* [Assignment]: After finding the line containing "Why Curating Your" below, please output that line and each following one through the line containing "Meghan wore a", exactly as written.

* [Extracted entries]:

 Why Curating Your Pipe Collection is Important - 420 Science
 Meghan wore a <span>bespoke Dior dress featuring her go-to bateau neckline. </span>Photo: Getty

---

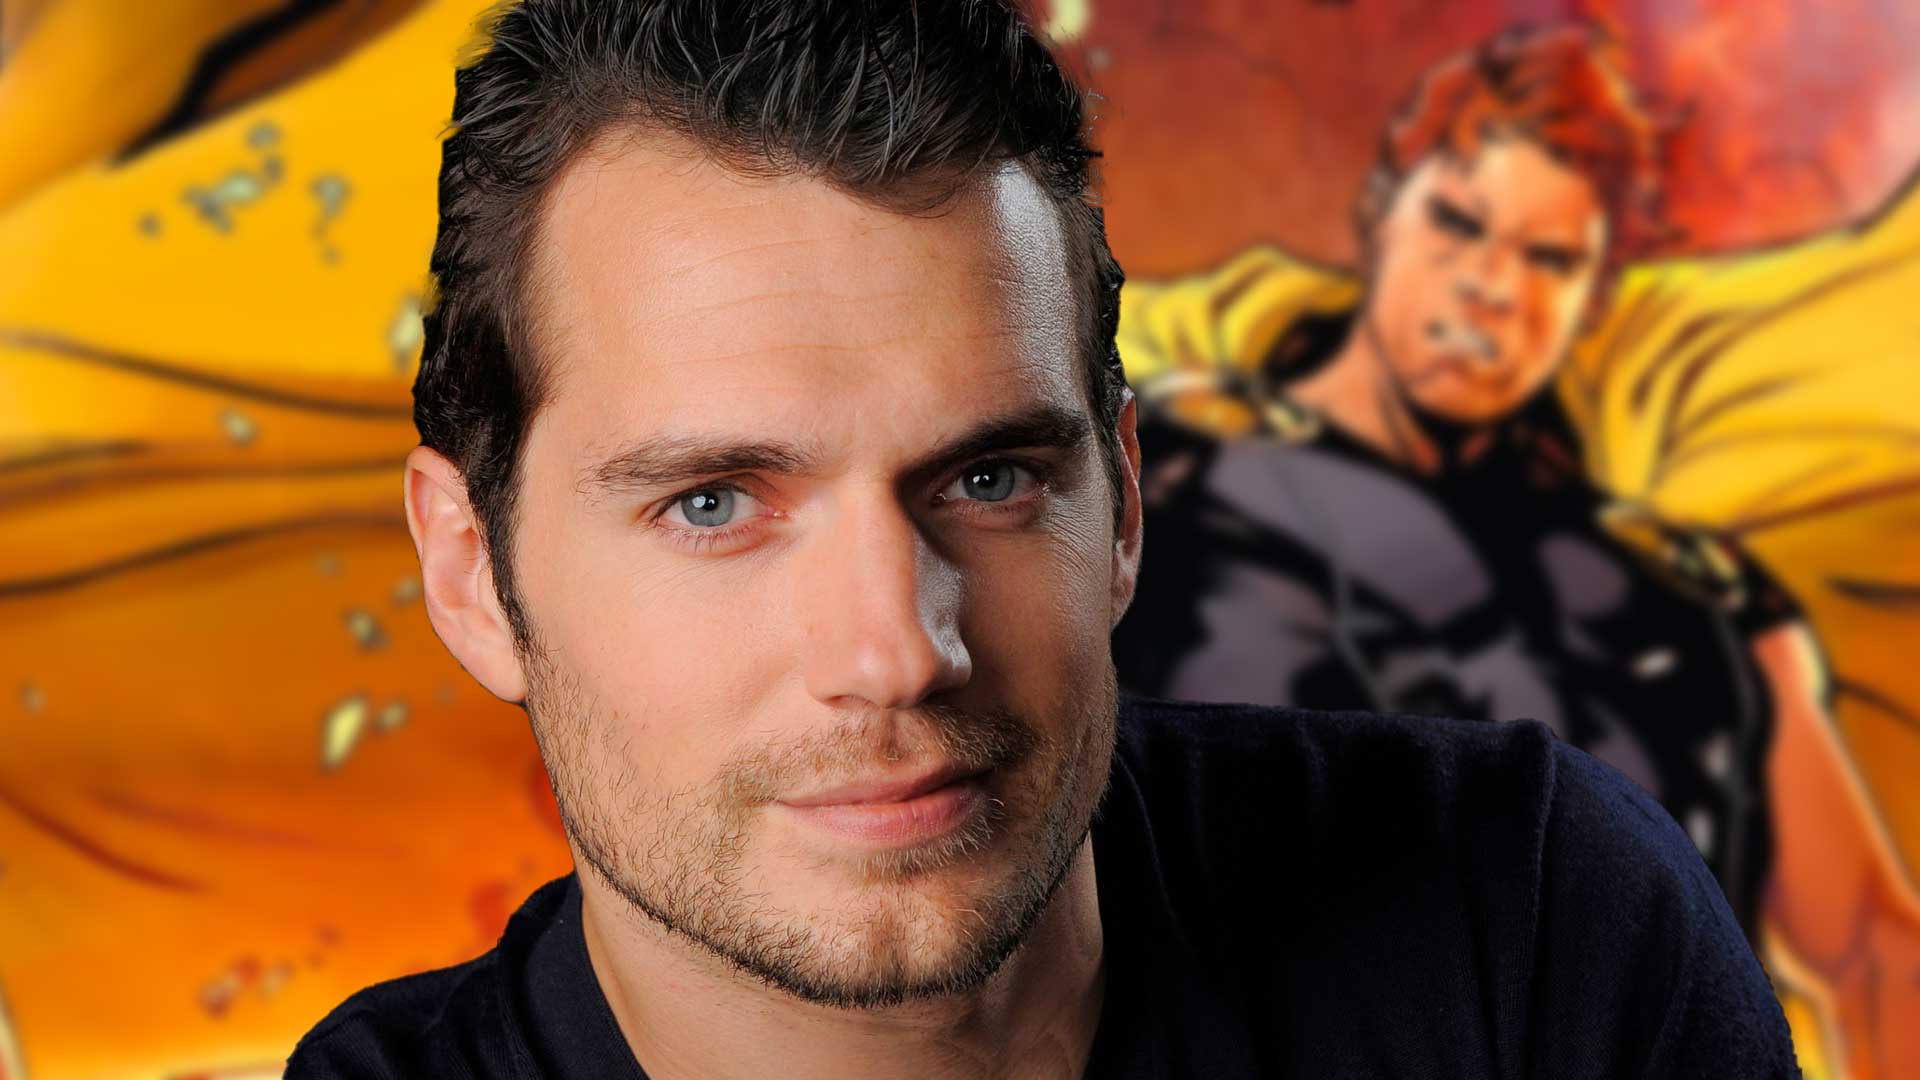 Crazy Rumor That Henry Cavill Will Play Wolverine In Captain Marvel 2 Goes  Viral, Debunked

* [Reply]:
 Why Curating Your Pipe Collection is Important - 420 Science
 Meghan wore a <span>bespoke Dior dress featuring her go-to bateau neckline. </span>Photo: Getty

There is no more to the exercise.